Some information online will tell you that LPs are vehicles for private equity firms or real estate projects. Though they may be used in that fashion, LPs are actually quite flexible. In fact, this is the number one problem with working with LPs, i.e. many are not familiar with it and therefore shy away.
The Basics Structure of an LP
Limited partnerships require at least one general partner and one limited partner. A limited partner in line with its name, is granted limited liability in the same way that a shareholder of a corporation or member of an LLC is granted. A general partner, however, is exposed to unlimited liability, such as the liability of a sole proprietor.
In exchange for the exposure of liability, general partners (usually there is only one) are given virtually full, exclusive management and control of the business. This is regardless as to how much ownership interest they may own. In fact, it is common for a general partner to own only 1% of a limited partnership. A limited partner on the other hand is not allowed to exert too much control over the partnership or they would be exposing themselves to liability.
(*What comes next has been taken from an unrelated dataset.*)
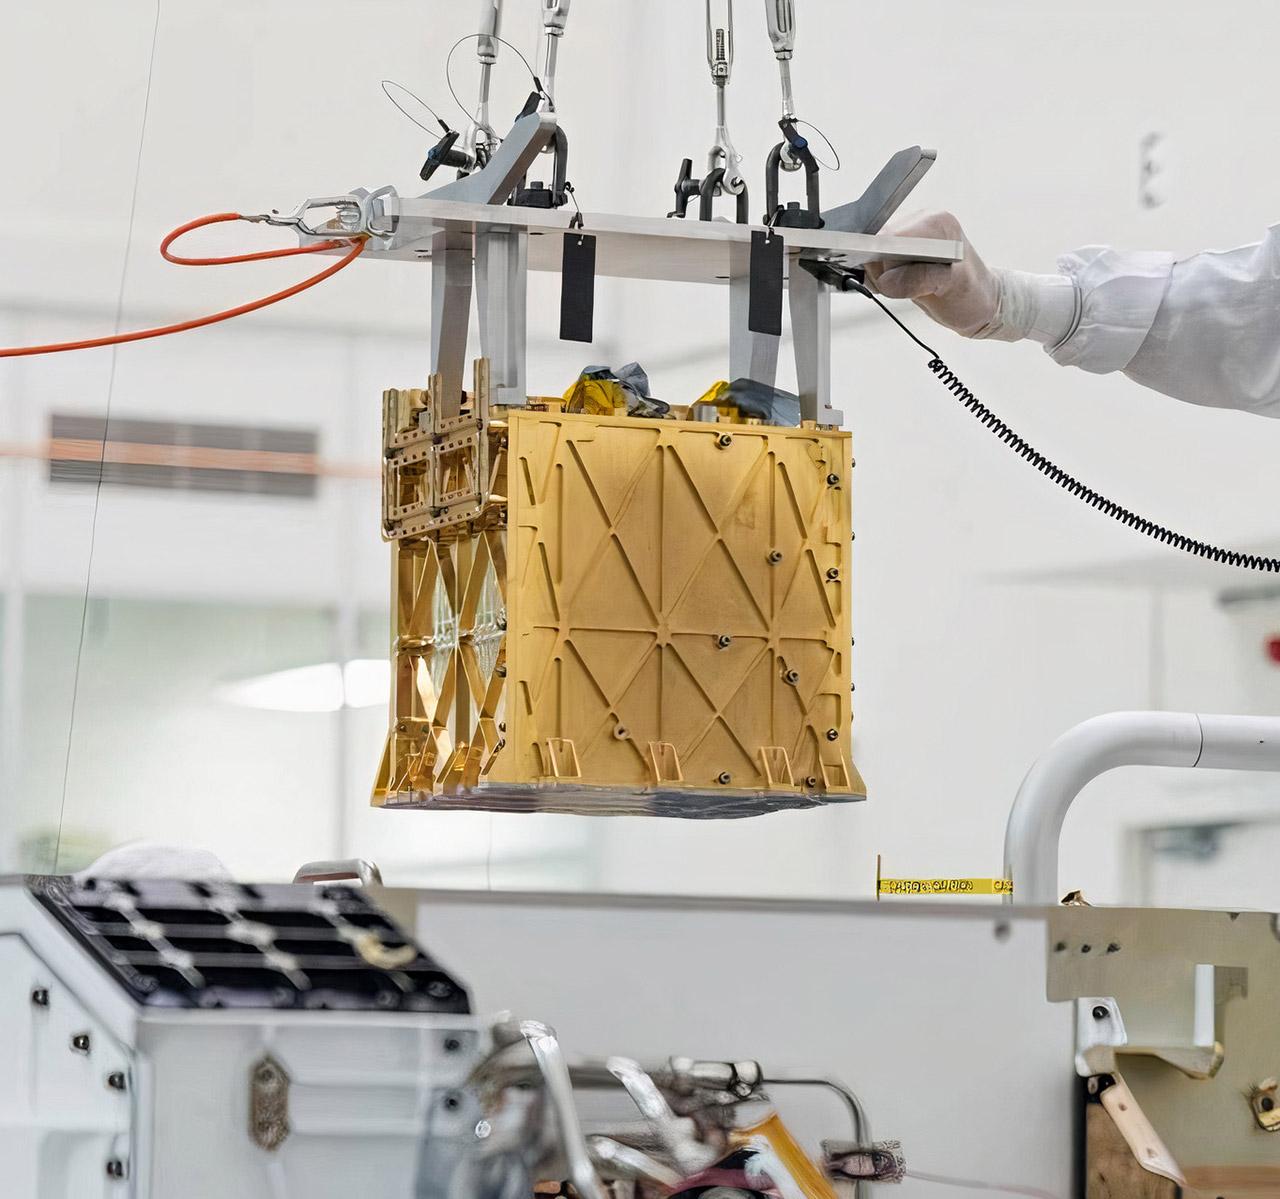 NASA Perseverance Mars Rover MOXIE Oxygen

Unlimited liability of a multi-million dollar business does not really seem like an attractive position. This is why the general partnership interest is always held by a separate entity like a corporation or an LLC.
This practice of entity-owned general partners became so common that some states adopted a varied LP. A relatively newer type of entity that removes the general partner liability under an even lesser known entity called a limited liability limited partnership (LLLP). Note that even where a state may not have an LLLP entity available, they will often permit an LLLP registered in a foreign state to be permitted to do business in that state as an LLLP.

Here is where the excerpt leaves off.